DATA PROVIDED:
== Segment start ==

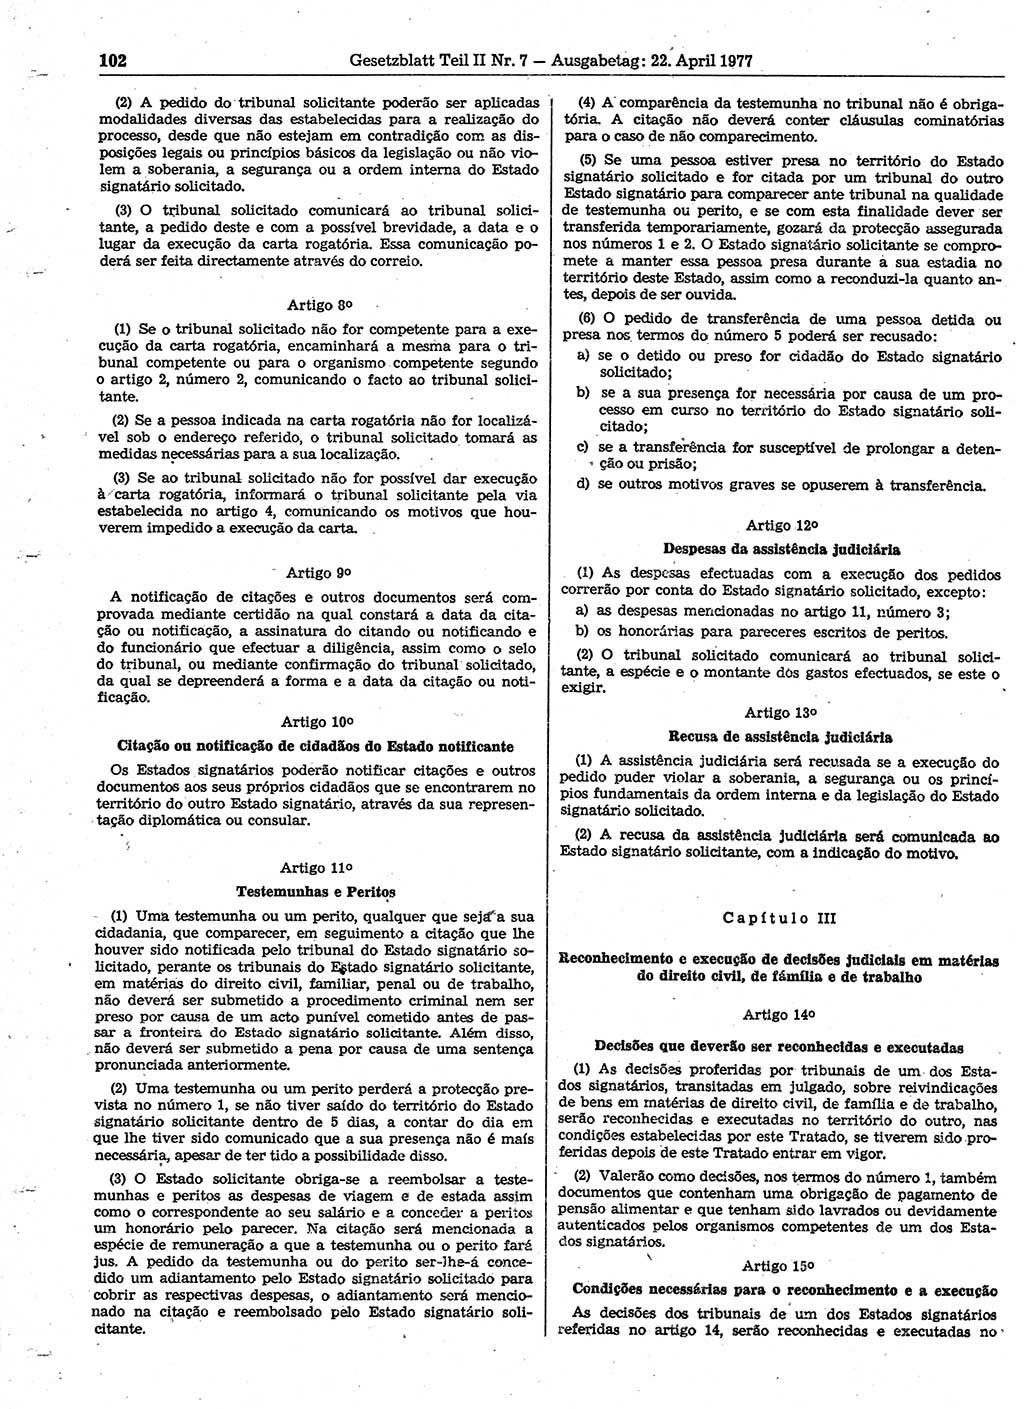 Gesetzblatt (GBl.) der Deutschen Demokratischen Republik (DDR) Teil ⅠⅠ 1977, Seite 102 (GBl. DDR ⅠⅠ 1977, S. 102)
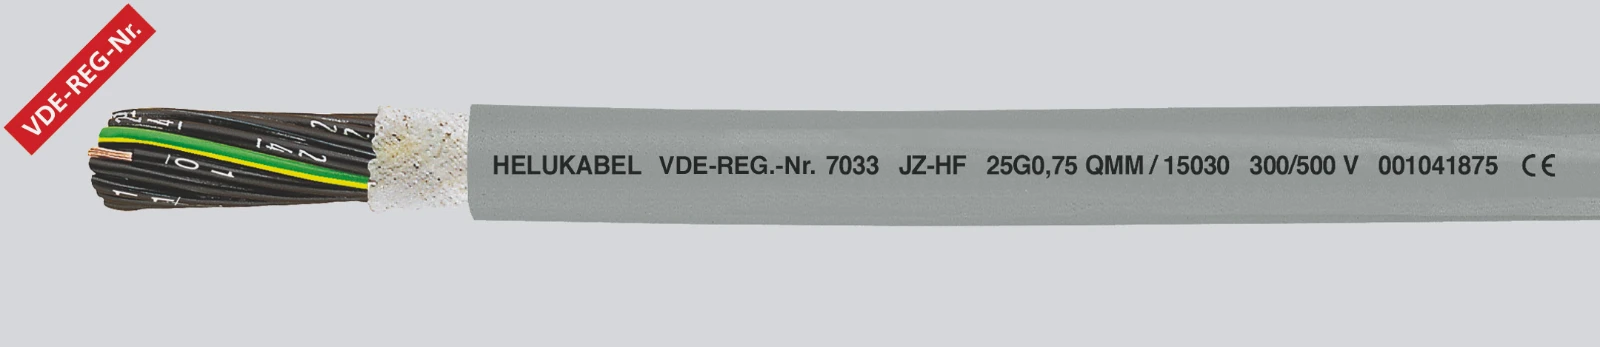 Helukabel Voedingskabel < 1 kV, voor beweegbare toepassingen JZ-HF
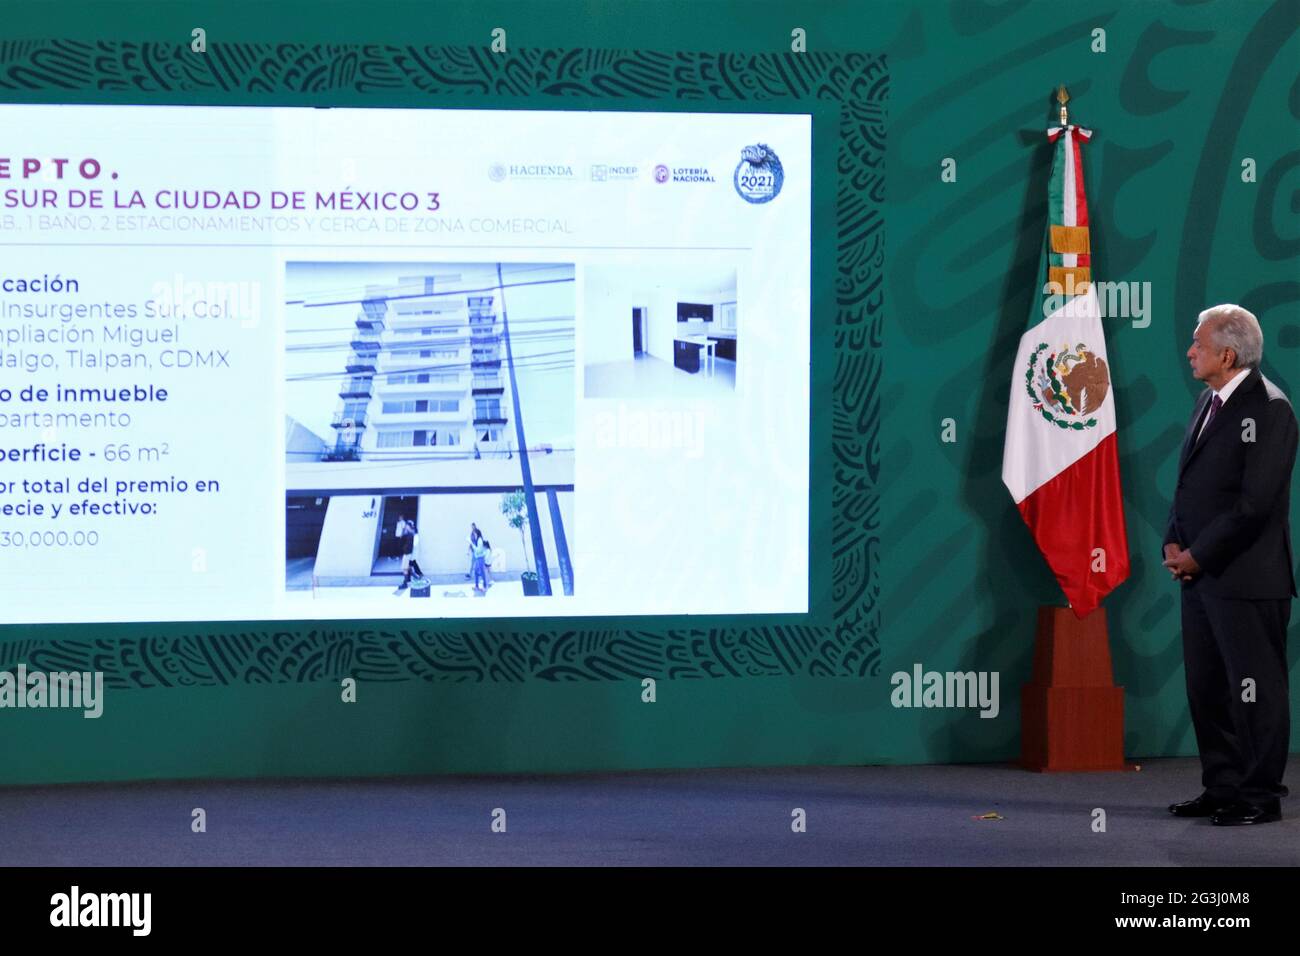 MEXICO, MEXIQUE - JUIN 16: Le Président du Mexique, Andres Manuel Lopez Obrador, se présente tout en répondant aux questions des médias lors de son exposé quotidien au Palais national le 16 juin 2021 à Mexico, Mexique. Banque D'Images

== Segment end ==
== Segment start ==

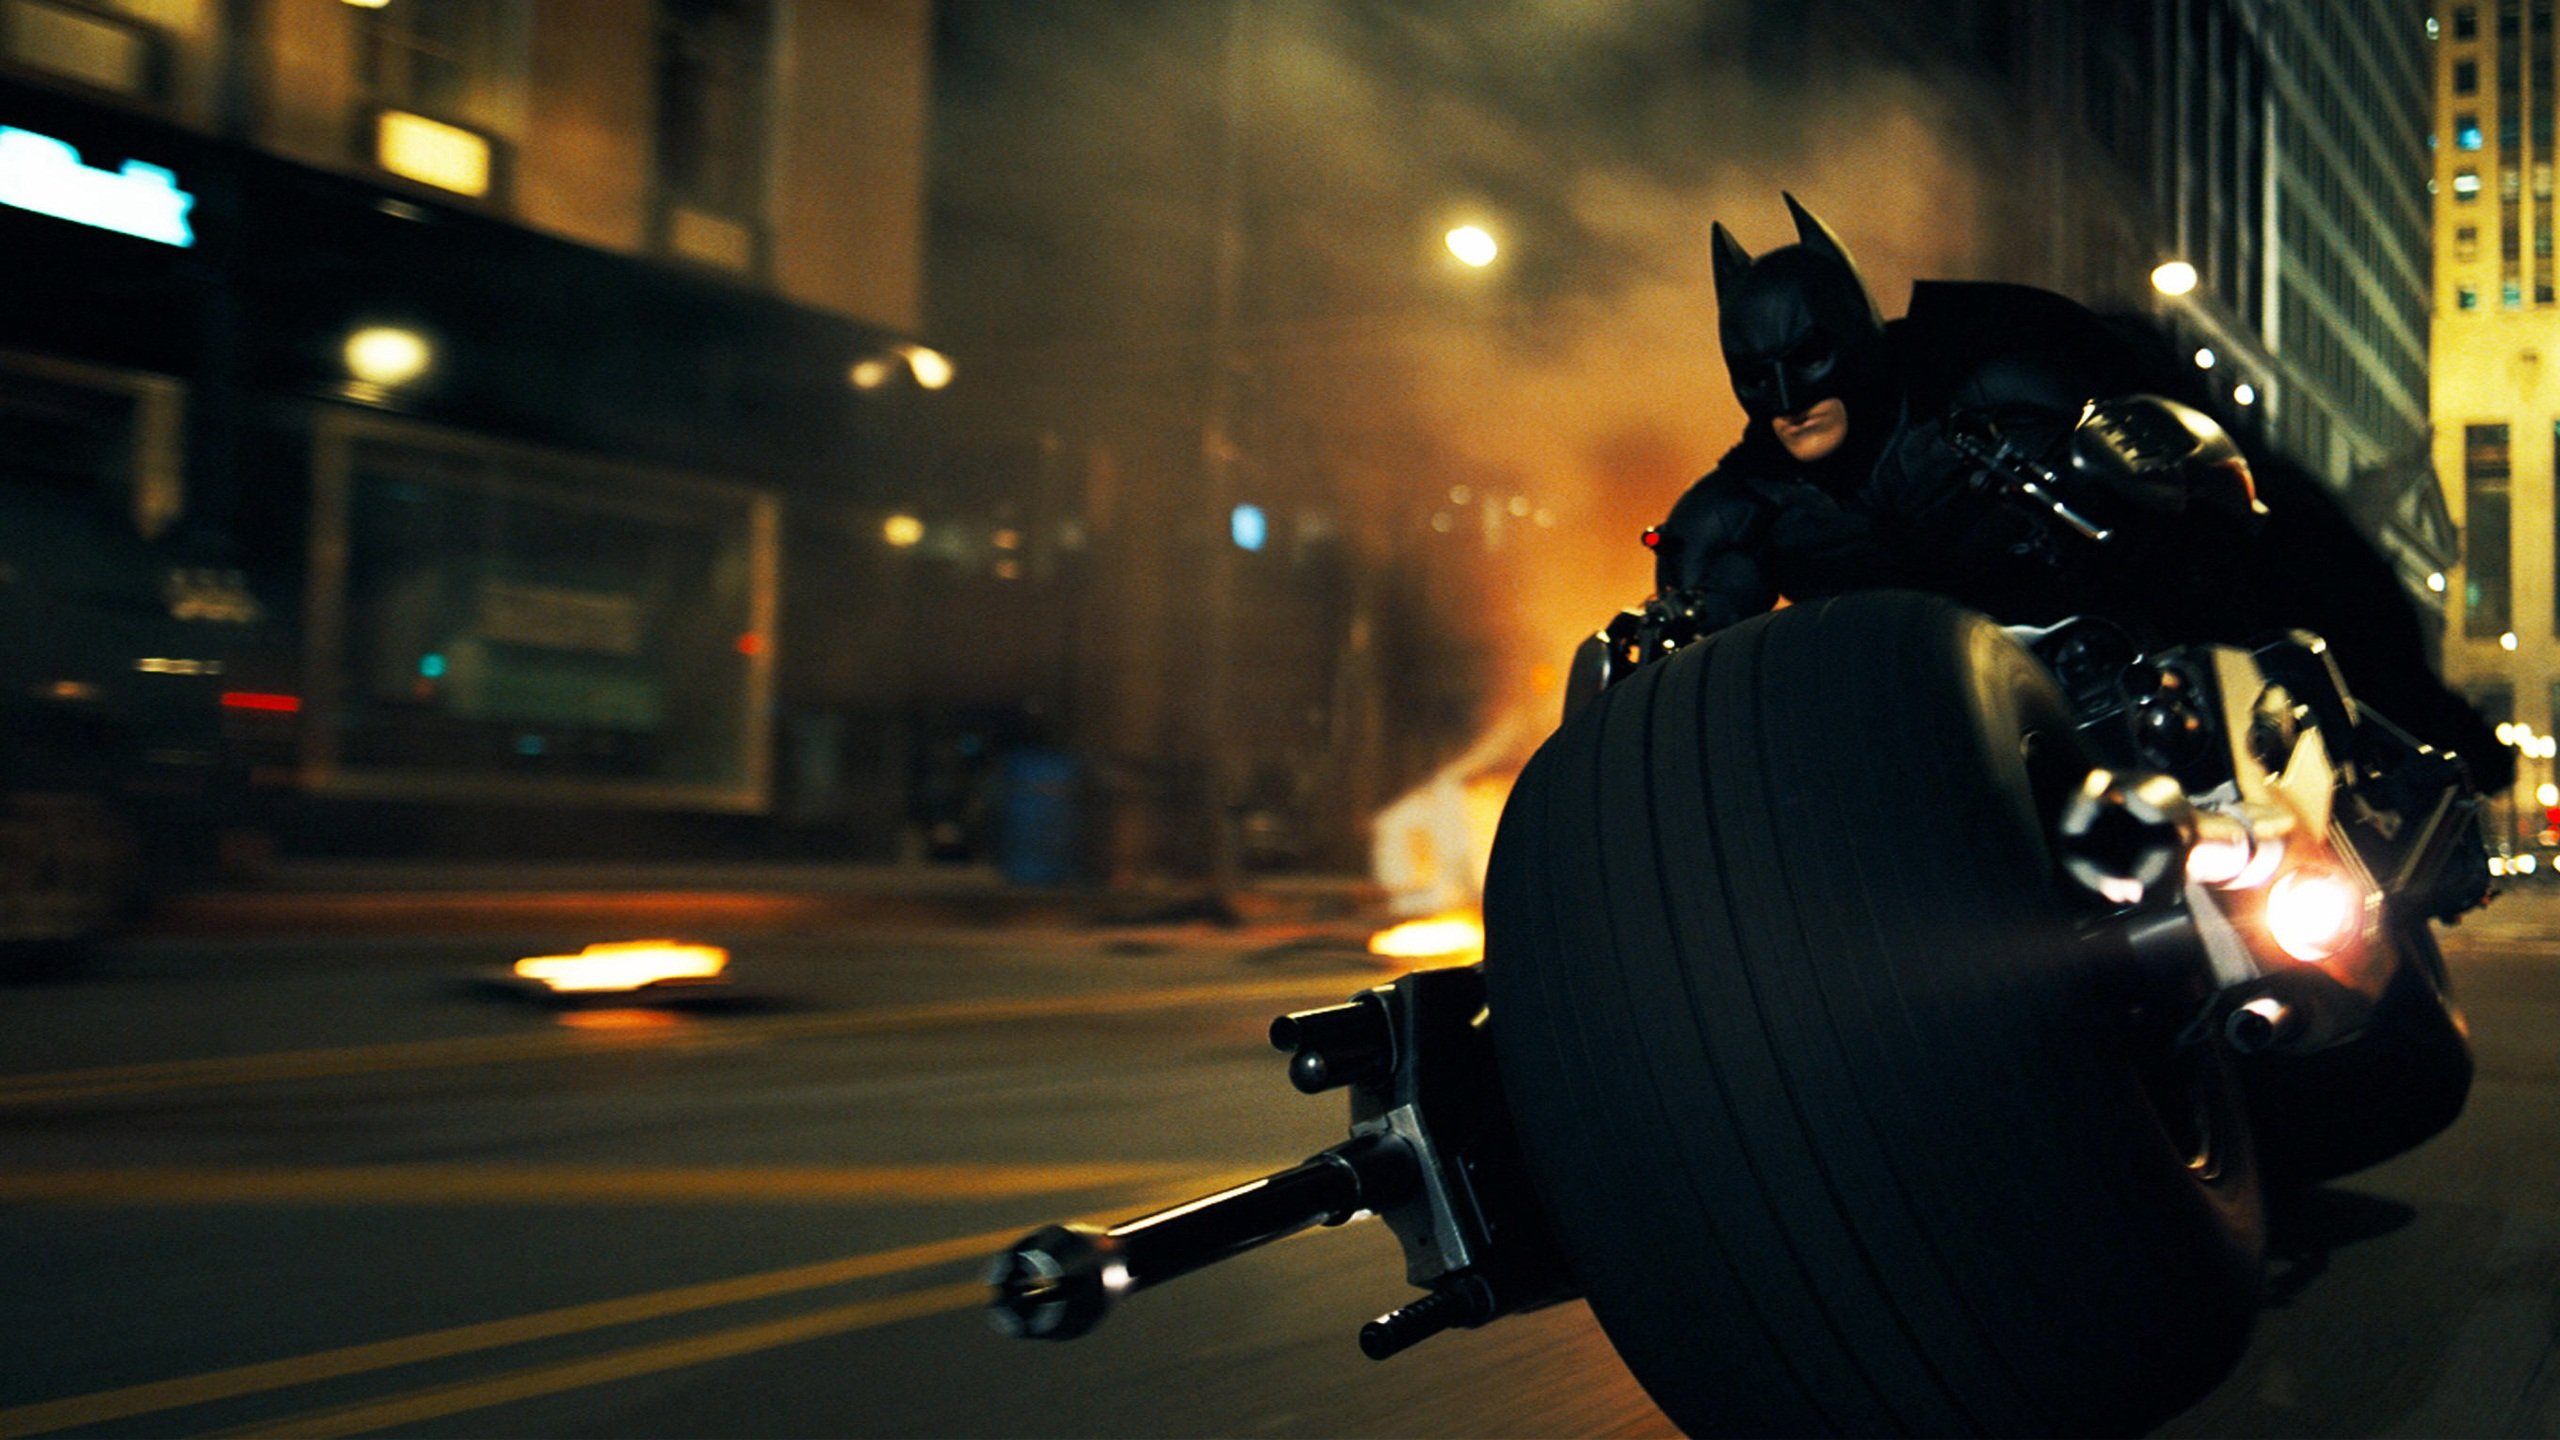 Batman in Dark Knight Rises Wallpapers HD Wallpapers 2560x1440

== Segment end ==

Take the lines above starting at the one containing "Gesetzblatt (GBl.) der" and ending at the one containing "MEXICO, MEXIQUE - JUIN", and print them again exactly, without pictures.

SOLUTION TO THIS TASK:
 Gesetzblatt (GBl.) der Deutschen Demokratischen Republik (DDR) Teil ⅠⅠ 1977, Seite 102 (GBl. DDR ⅠⅠ 1977, S. 102)
 Helukabel Voedingskabel < 1 kV, voor beweegbare toepassingen JZ-HF
 MEXICO, MEXIQUE - JUIN 16: Le Président du Mexique, Andres Manuel Lopez Obrador, se présente tout en répondant aux questions des médias lors de son exposé quotidien au Palais national le 16 juin 2021 à Mexico, Mexique. Banque D'Images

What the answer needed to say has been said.